Problem-solving tools Describes iDRAC6 tools that you can use to troubleshoot your system
Troubleshooting and frequently asked questions Answers to typical situations you may encounter
Safety First For You and Your System
To perform certain procedures in this section, you must work with the chassis, the Dell PowerEdge system, or other hardware modules. Do not attempt to service the system hardware except as explained in this guide and elsewhere in your system documentation.
CAUTION: Many repairs may only be done by a certified service technician. You should only perform troubleshooting and simple repairs as authorized in your product documentation, or as directed by online or telephone service and support team. Damage due to servicing that is not authorized by Dell is not covered by your warranty. Read and follow the safety instructions that came with the product.
Trouble Indicators
This section describes indications that there may be a problem with your system.
LED Indicators
LEDs on the chassis or on components installed in the chassis are generally the first indicators of system trouble. The following components and modules have status LEDs:
Chassis LCD display
Servers
Fans
CMCs
I/O modules
Power supplies
The single LED on the chassis LCD summarizes the status of all of the components in the system. A solid blue LED on the LCD indicates that no fault conditions have been detected in the system. A blinking amber LED on the LCD indicates that one or more fault conditions have been detected.

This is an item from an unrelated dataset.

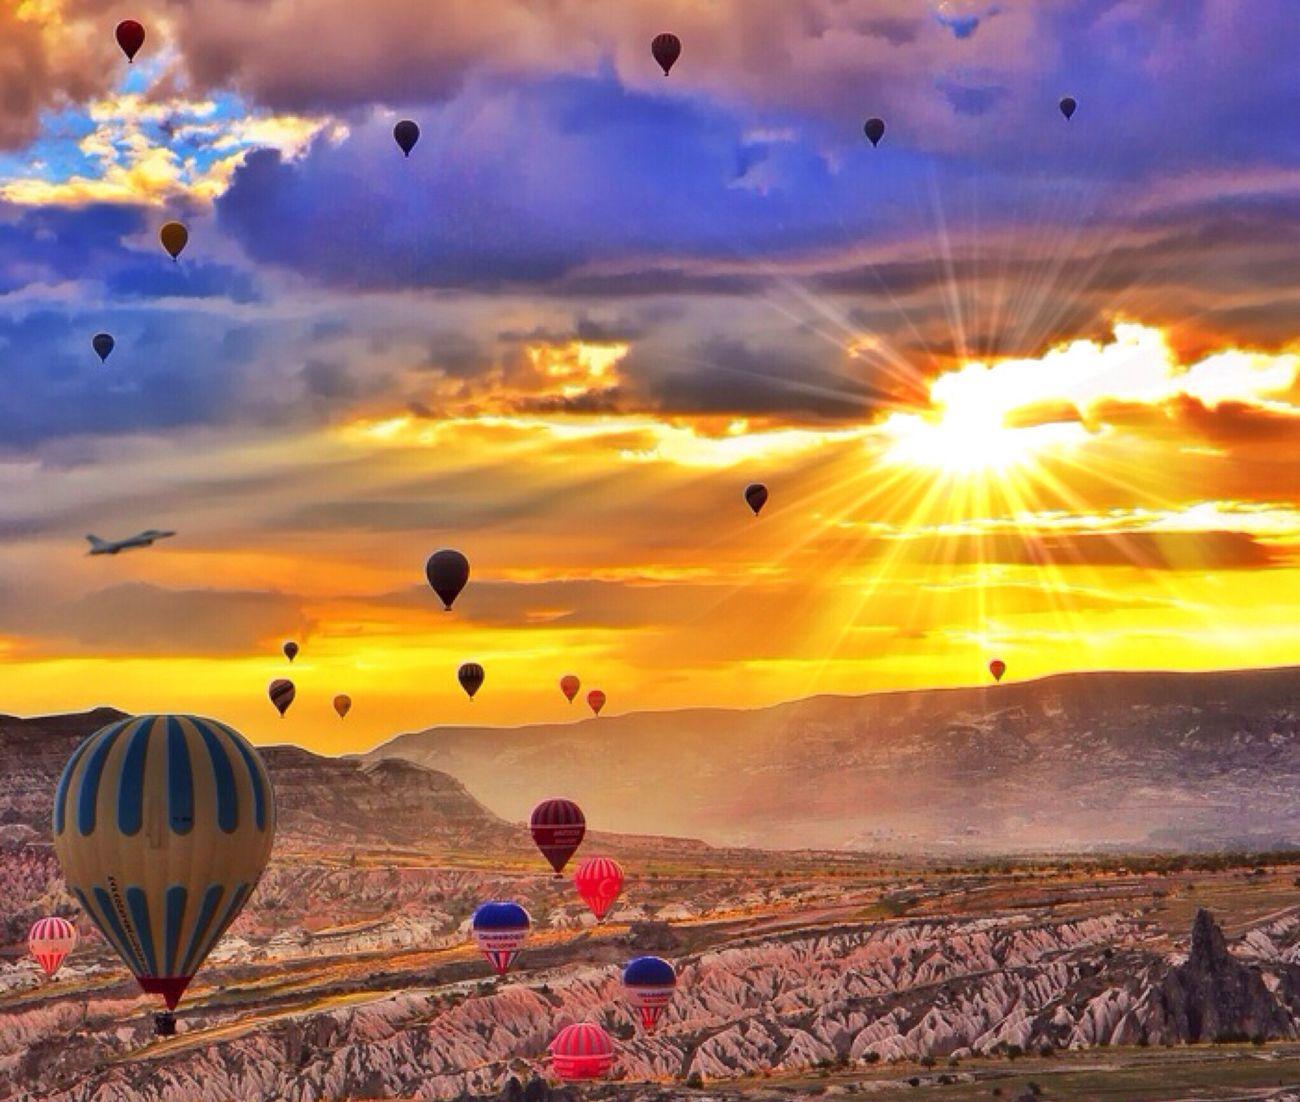 Cappadocia - Turkey (Photo by my IG bro @kyrenian edited by me)

If the chassis LCD has a blinking amber LED, you can use the LCD menu to locate the component that has a fault. See the Dell Chassis Management Controller Firmware User Guide for help using the LCD.
Table 20-1 describes the meanings of the LED on the Dell PowerEdge system:
Table 20-1. Blade Server LED Indicators
LED indicator
Meaning
solid green (only for power button)
The server is powered on. Absence of the green LED means the server is not powered on.
solid blue
iDRAC6 is healthy.
flashing amber
iDRAC6 has detected a fault condition or may be in the process of updating firmware.
flashing blue
A user has activated the locator ID for this server.
Hardware Trouble Indicators
Indications that a module has a hardware problem include the following:
Failure to power up
Noisy fans
Loss of network connectivity
Battery, temperature, voltage, or power monitoring sensor alerts
Hard drive failures
USB media failure
Physical damage caused by dropping, water, or other external stress
When these kinds of problems occur, inspect the damage caused, and then try to correct the problem using these strategies:
Reseat the module and restart it
Try inserting the module into a different bay in the chassis
Try replacing hard drives or USB keys
Reconnect or replace the power and network cables
If these steps do not correct the problem, consult the Hardware Owner's Manual for specific troubleshooting information for the hardware device.
Other Trouble Indicators
Table 20-2. Trouble Indicators
Look for:
Action:
Alert messages from the systems management software
See the systems management software documentation.
This section describes iDRAC6 utilities you can use to diagnose problems with your system, especially when you are trying to solve problems remotely.
Checking the system health
Checking the System Event Log for error messages
Checking the POST codes
Viewing the last crash screen
Viewing the Most Recent Boot Sequences
Checking the Server Status Screen on the LCD for Error Messages
Viewing iDRAC6 log
Viewing system information
Identifying the managed server in the chassis
Using the diagnostics console
Managing power on a remote system
Checking the System Health
When you log in to iDRAC6 Web interface, the System Summary screen displays the health of the system components. Table 20-3 describes the meaning of the system health indicators.
Table 20-3. Server Health Indicators
Indicator
Description
A green check mark indicates a healthy (normal) status condition.
A yellow triangle containing an exclamation point indicates a warning (noncritical) status condition.
A red X indicates a critical (failure) status condition.
A question mark icon indicates that the status is unknown.
Click any component on the Server Health section to see information about the component. Sensor readings are displayed for batteries, temperatures, voltages, and power monitoring, helping to diagnose some types of problems. iDRAC6 and CMC information screens provide useful current status and configuration information.
Checking the System Event Log (SEL)
The SEL Log screen displays messages for events that occur on the managed server.
To view the System Event Log, perform the following steps:
Click System and then click the Logs tab.
Click System Event Log to display the System Event Log screen.
The System Event Log screen displays a system health indicator (see Table 20-3), a time stamp, and a description of the event.
Click the appropriate System Event Log button to continue
(see Table 20-4).
Table 20-4. SEL Buttons
Button
Action
Print
Prints the SEL in the sort order that it appears in the window.
Clear Log
Clears the SEL.
NOTE: The Clear Log button appears only if you have Clear Logs permission.
Save As
Opens a pop-up window that enables you to save the SEL to a directory of your choice.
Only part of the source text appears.